> **Task brief**
Please reproduce the lines of the records below from the one holding "User Personas as an Inclusive Design Tool" through the one holding "Click image for", inclusive, skipping all pictures.

> **Given data**
● ● ● ● ●

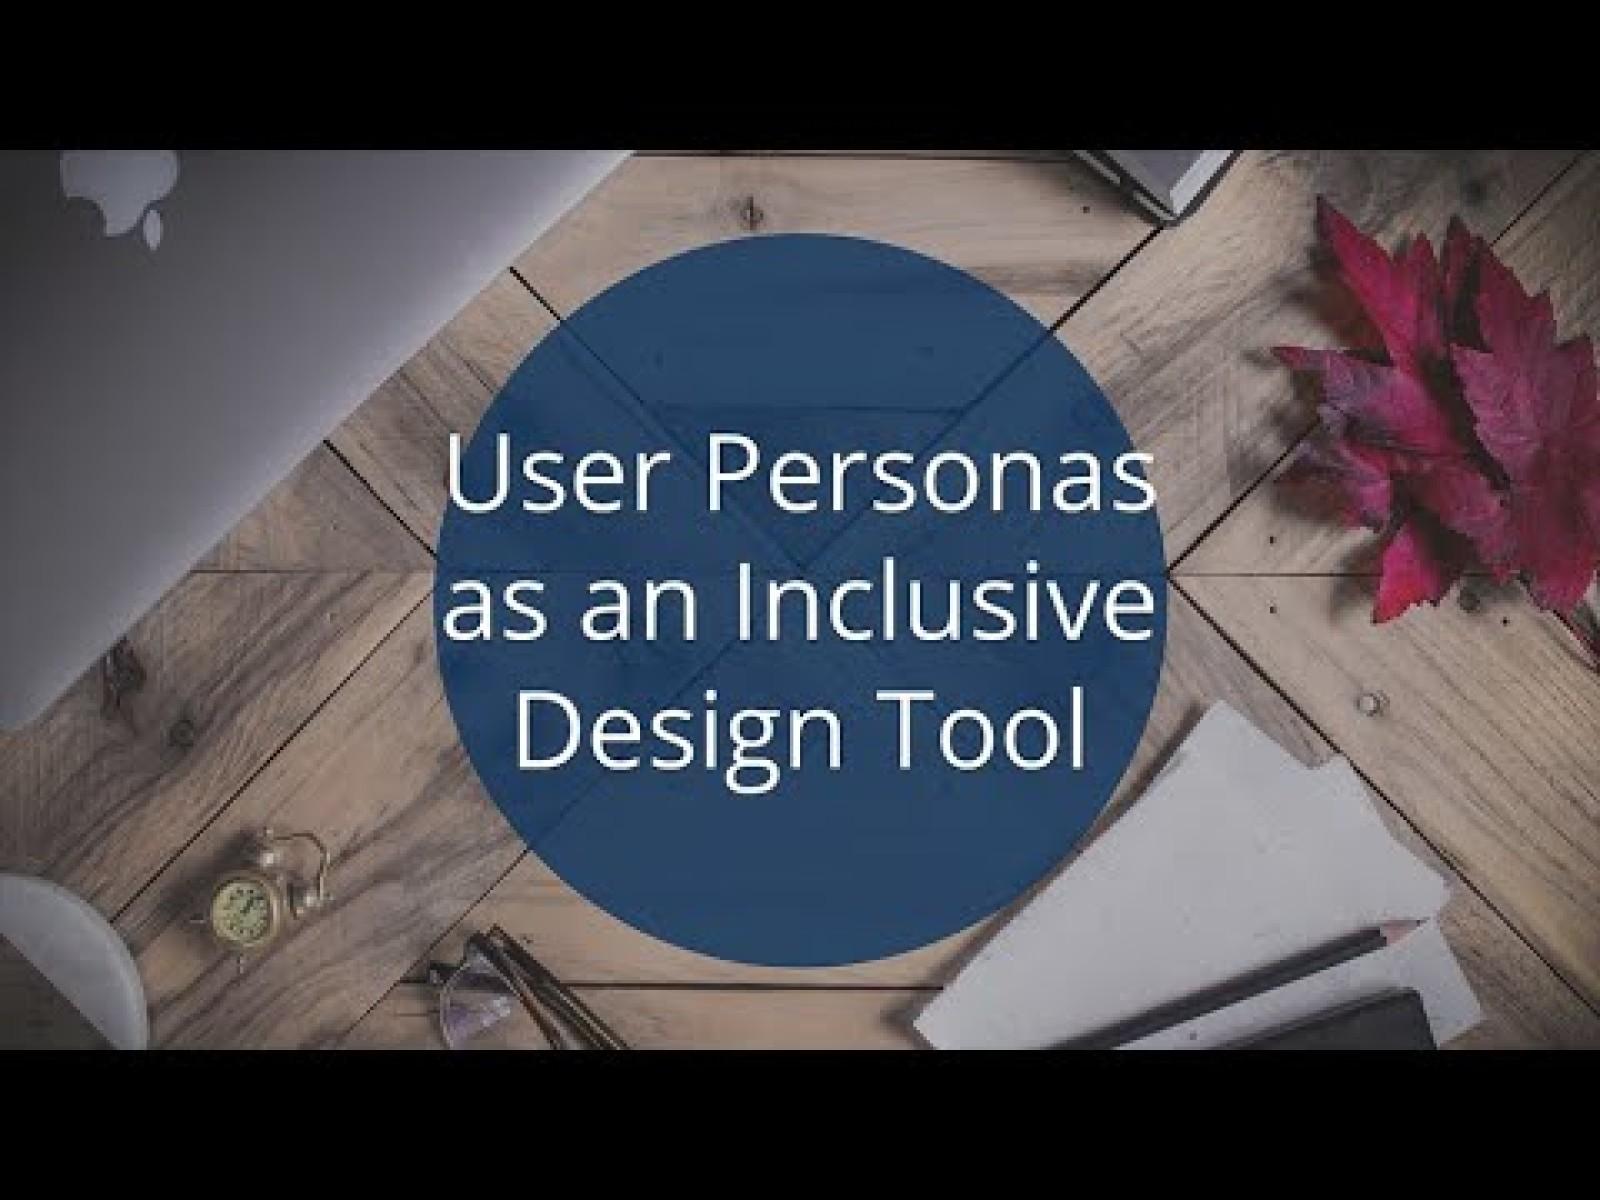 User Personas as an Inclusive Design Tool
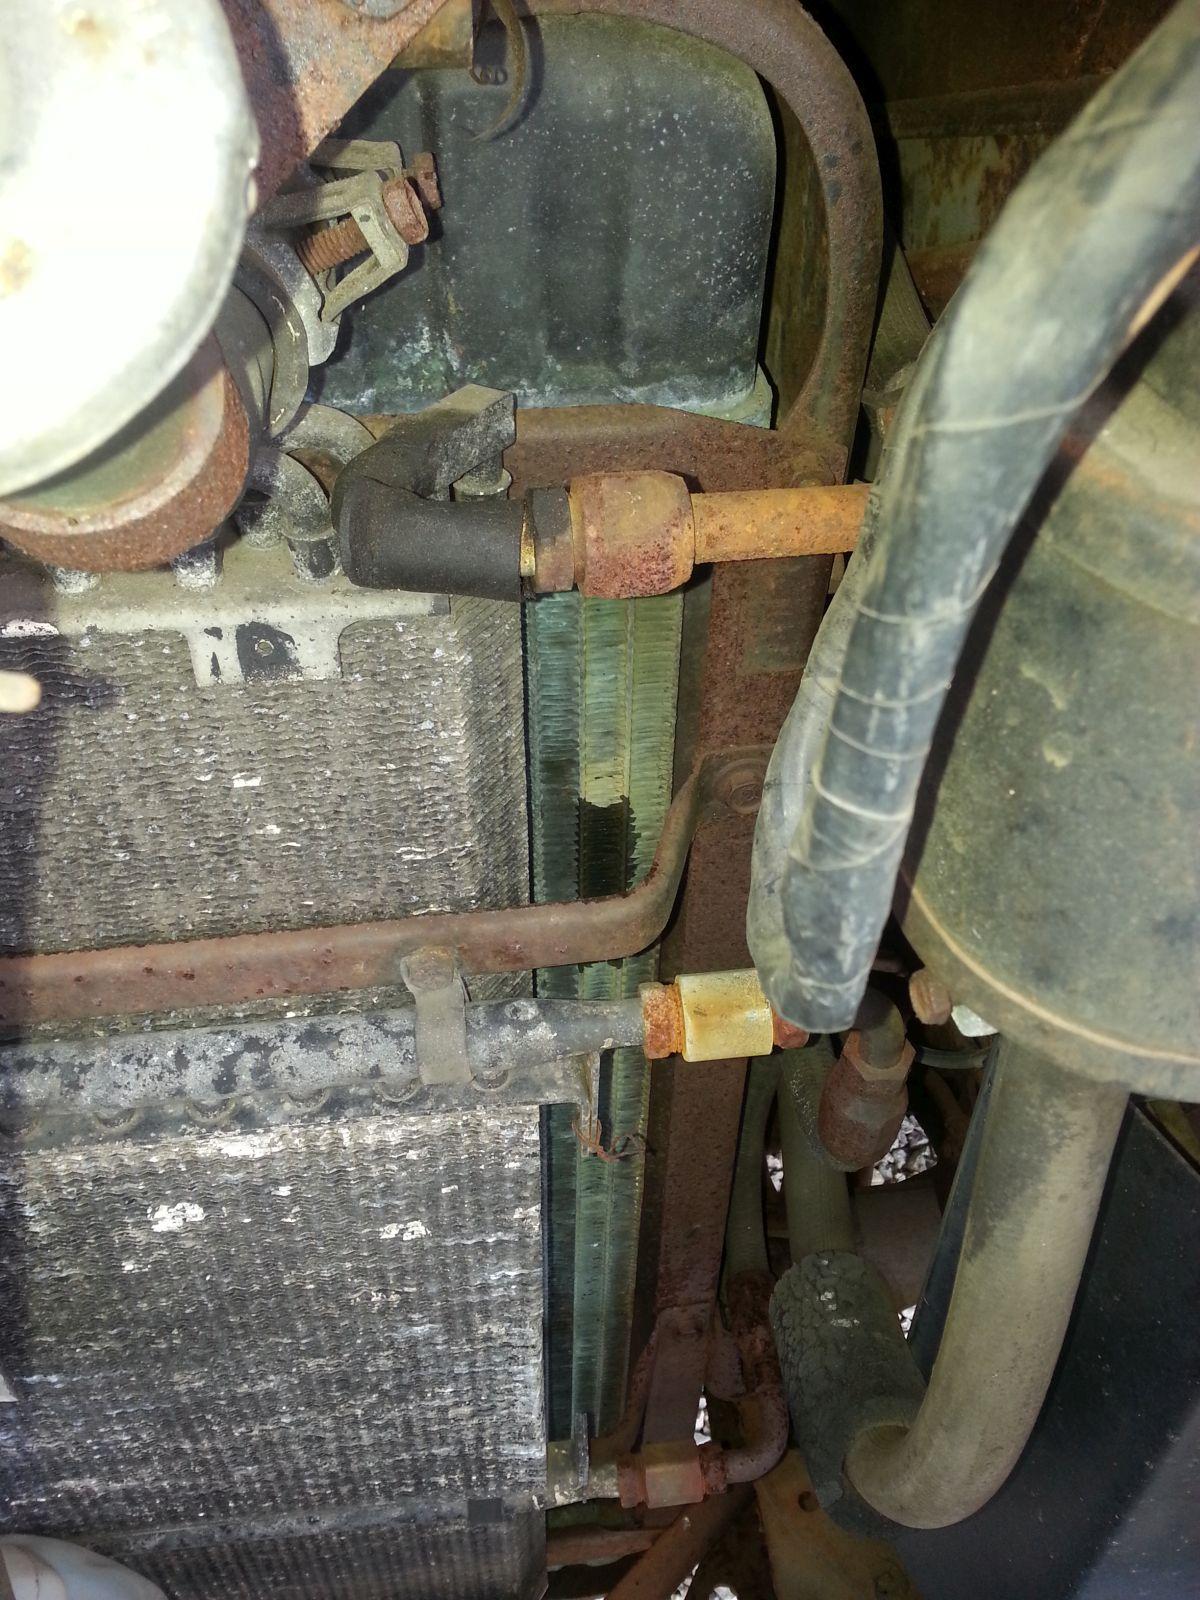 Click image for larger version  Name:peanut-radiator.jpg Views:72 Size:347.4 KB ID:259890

● ● ● ● ●

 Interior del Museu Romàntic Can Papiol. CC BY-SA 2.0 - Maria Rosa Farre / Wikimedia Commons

● ● ● ● ●

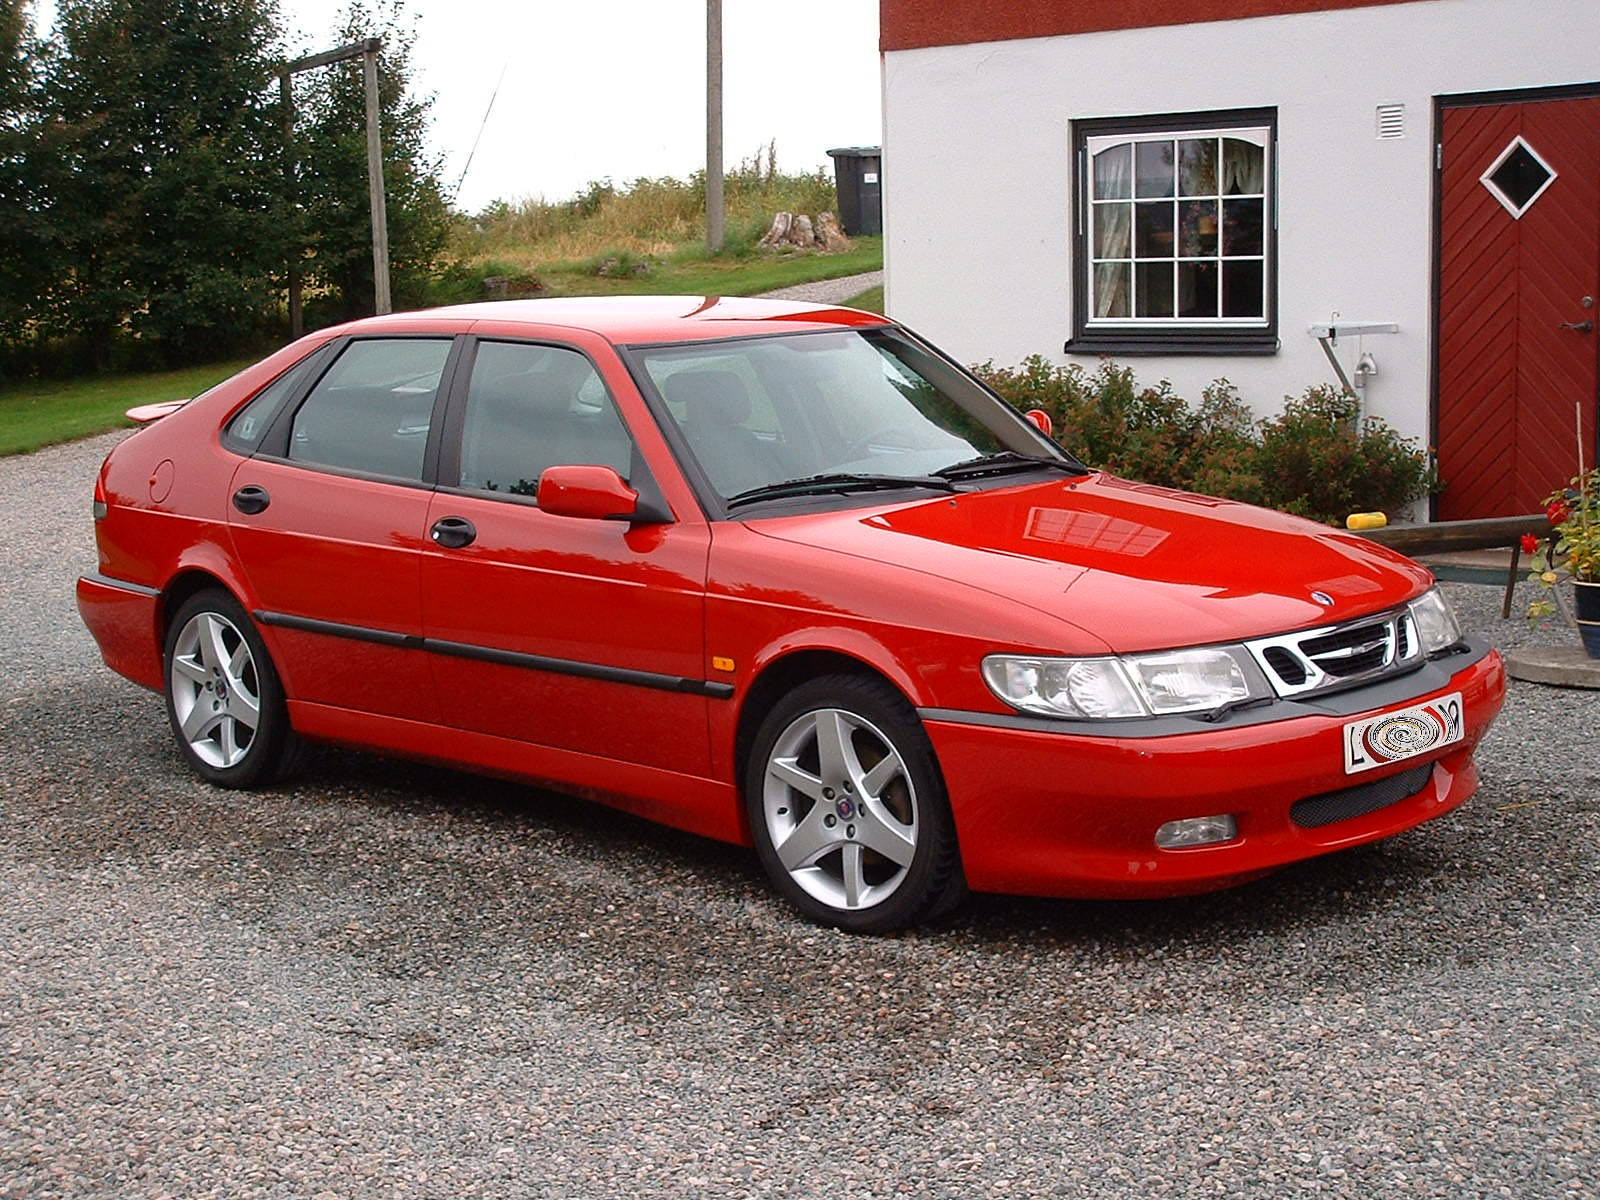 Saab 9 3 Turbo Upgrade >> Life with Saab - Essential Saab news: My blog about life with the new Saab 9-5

● ● ● ● ●

> **Result**
 User Personas as an Inclusive Design Tool
 Click image for larger version  Name:peanut-radiator.jpg Views:72 Size:347.4 KB ID:259890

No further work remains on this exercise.